Худощавый молодой человек, с такими же, как у фон Штраубе, блекло-голубыми ост-зейским глазами, пожал плечами:

— Не хватает некоторого итога. Это все равно что собрался чихнуть – и не чихнул. Все, в том числе и век, нуждается в завершении. Я думаю…

— Кстати, познакомьтесь, — перебил его Иконоборцев, наливая всем в бокалы. — Вьюношей этих величают Владимир и Александр. Вольдемар у нас мистик философ, наездом из Первопрестольной, а Саша – наш, питерский. К слову сказать, подающий надежды пиит. Помяните меня, наш будущий, как минимум, Баратынский.

Светловолосый Александр лишь отмахнулся с улыбкой (глаза, впрочем, оставались грустные и серьезные; взгляд был и внимательный, и вместе с тем словно отгороженный от всех каким-то непроницаемым стеклом).
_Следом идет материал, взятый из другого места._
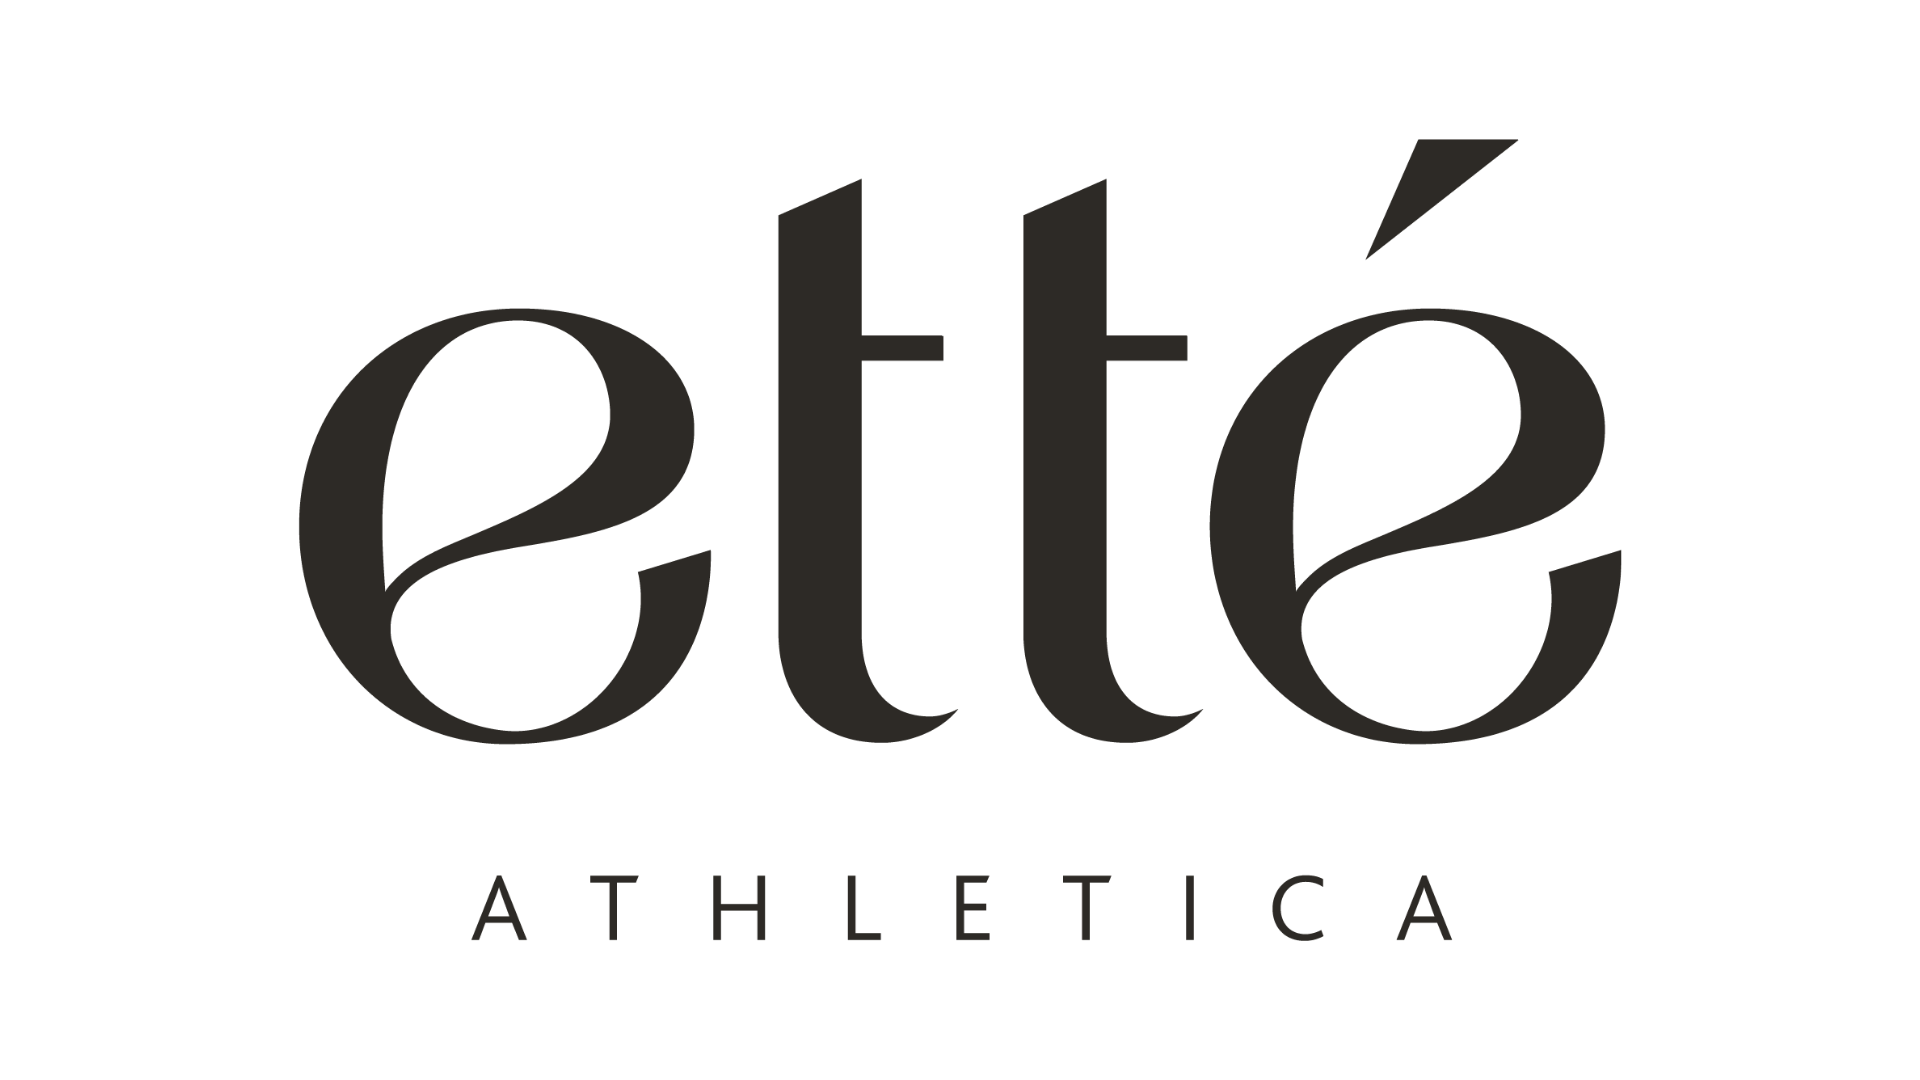 Etté Athletica - The Inner Lift Journal – Ette Athletica

Лейтенант поклонился, что в скрюченном положении было достаточно нелепо:

— Фон… То есть… (он смутился) Борис.

— Bravo! — воскликнул Коваленко-Иконоборцев, уже немало, как видно, подогретый вином. — Так и запишем: Фон-Борис!.. Так вот, милейший Фон-Борис… О чем бишь мы?.. Да, о завершенности! Мне, кстати, твоя, Александр, аллегория насчет чихания понравилась, сразу видно, что поэт, надо бы не забыть… Только я тебе отвечу тоже аллегорией, правда, не такой лаконической, уж не взыщи, и не первой свежести. Знаешь, поначалу, когда католические храмы строили, одну башенку непременно недостроенной оставляли. Эдакая символическая недовершенность: мол, истинный храм веры не достроен еще. А как только стали достраивать – тут и…
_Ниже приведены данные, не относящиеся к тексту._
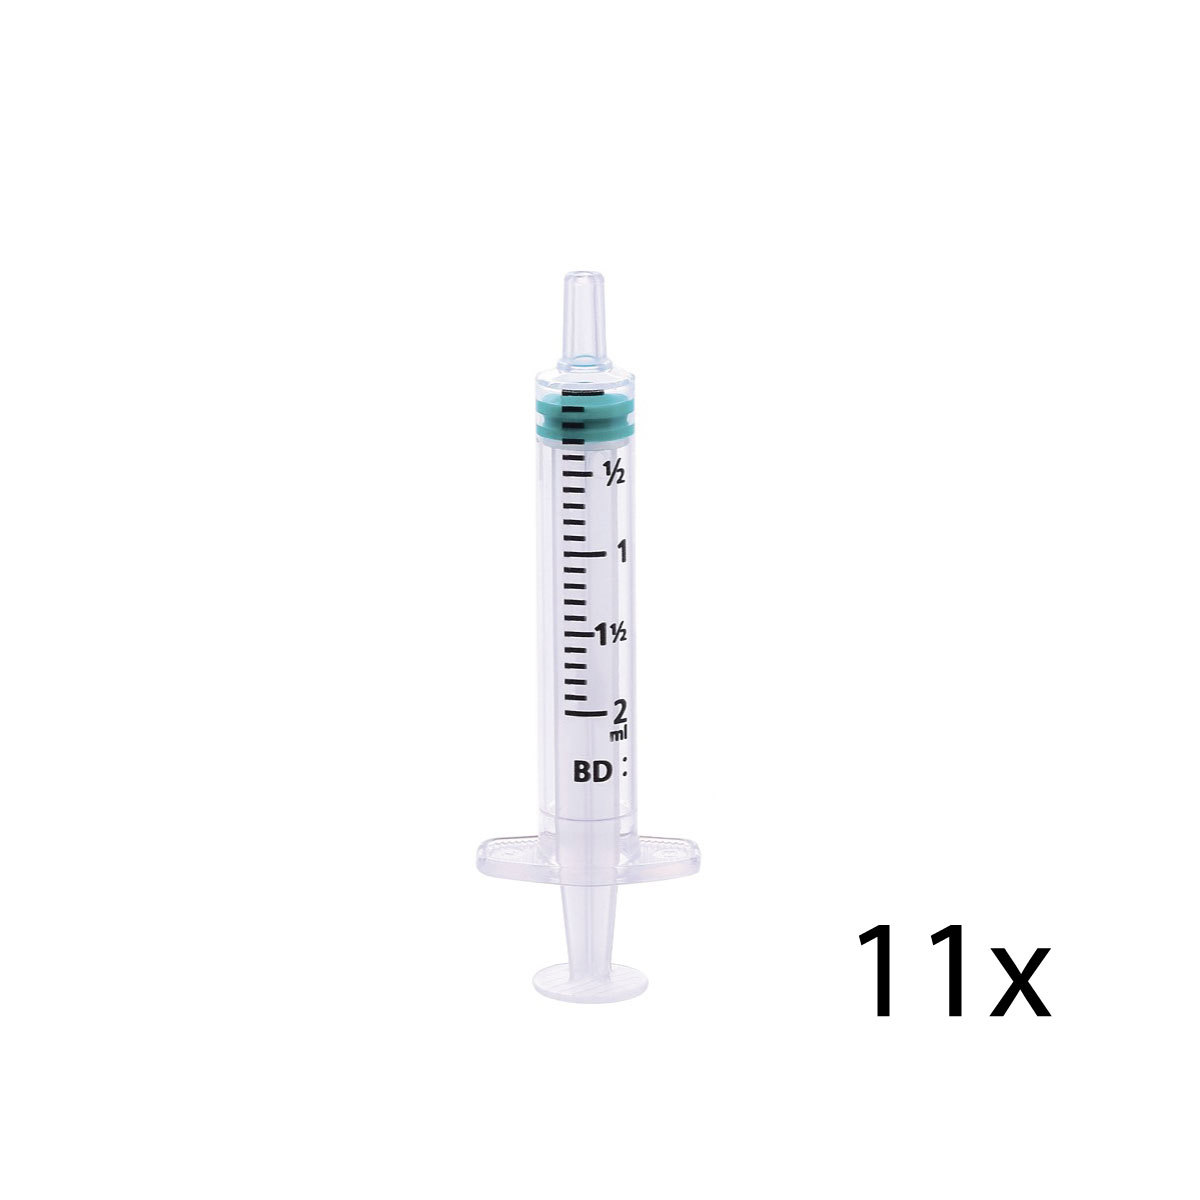 BD Emerald Syringe 2ml 11x Pack

— …вера пресеклась, ты хочешь сказать? — окончил за него мистик Владимир, длинноволосый, в очках, с пушком на подбородке (фон Штраубе отчего-то решил, что философ происхождением из поповичей).

— Именно! Я не из тех, кто за все Европу хает, но, что правда – то правда. Всю ее родимую изъездил, — а вера-то давным-давно ку-ку! Не более чем привычка для ханжествующих буржуа. Да и у нас, у православных, похоже, дело близко к тому обстоит. Может, оно так и правильно, всем известно, я сам не из тех, кто пузо поминутно крестит; я никак не оцениваю – просто констатирую очевидный факт, что…
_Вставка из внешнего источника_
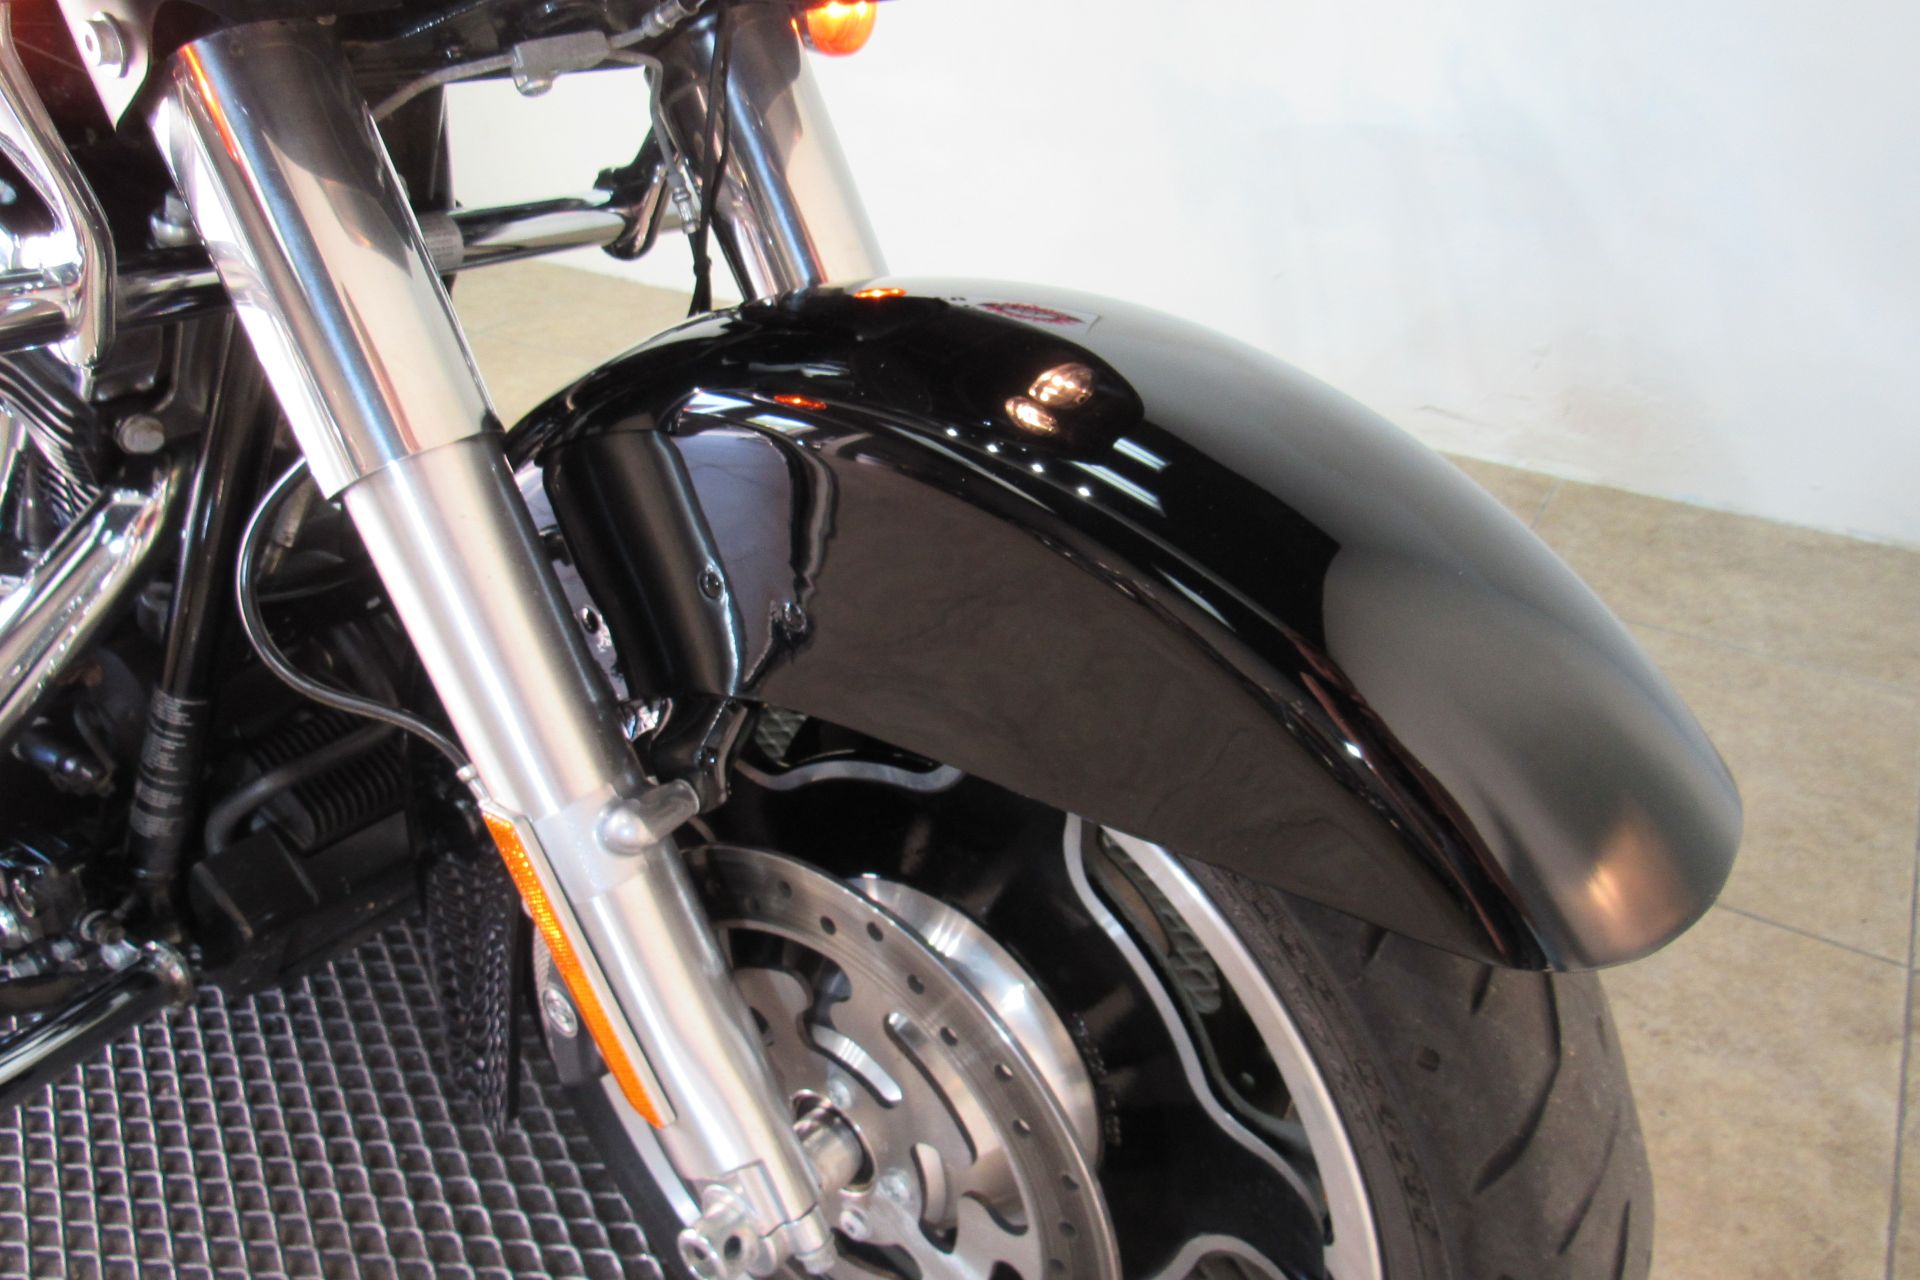 2013 Harley-Davidson Road Glide® Custom in Temecula, California - Photo 18

— …Бог умер… — ни к кому не обращаясь, ведя, казалось, беседу только с самим собой, произнес Александр.

— А! — подхватил Аввакум. — Тоже, смотрю, Nietzsche [31] начитался!.. Однако – в самую точку! Так же, как умер когда-то козлоногий древнегреческий бог Пан, тем самым предвестив гибель прочих эллинских богов, дабы они освободили место для Единого. Но, — уж простите старика за ересь, — и он, быть может, уже почил. Почил, и завершенность, о которой я сказывал тут, — ему надгробие… Далековато я, однако, ушел в своей аллегории; в сущности-то, я – о другом. Если оставить Богово – Богу, а кесарю – кесарево, то кесарь наш Николаша нынче, право, заслуживает лишь похвалы. Не чихнул, говоришь? А во что обошелся бы этот чох? Сейчас только ленивый не говорит о скорой гибели мира, в особенности нашего отечества. Я даже не имею в виду катастрофы последнего времени…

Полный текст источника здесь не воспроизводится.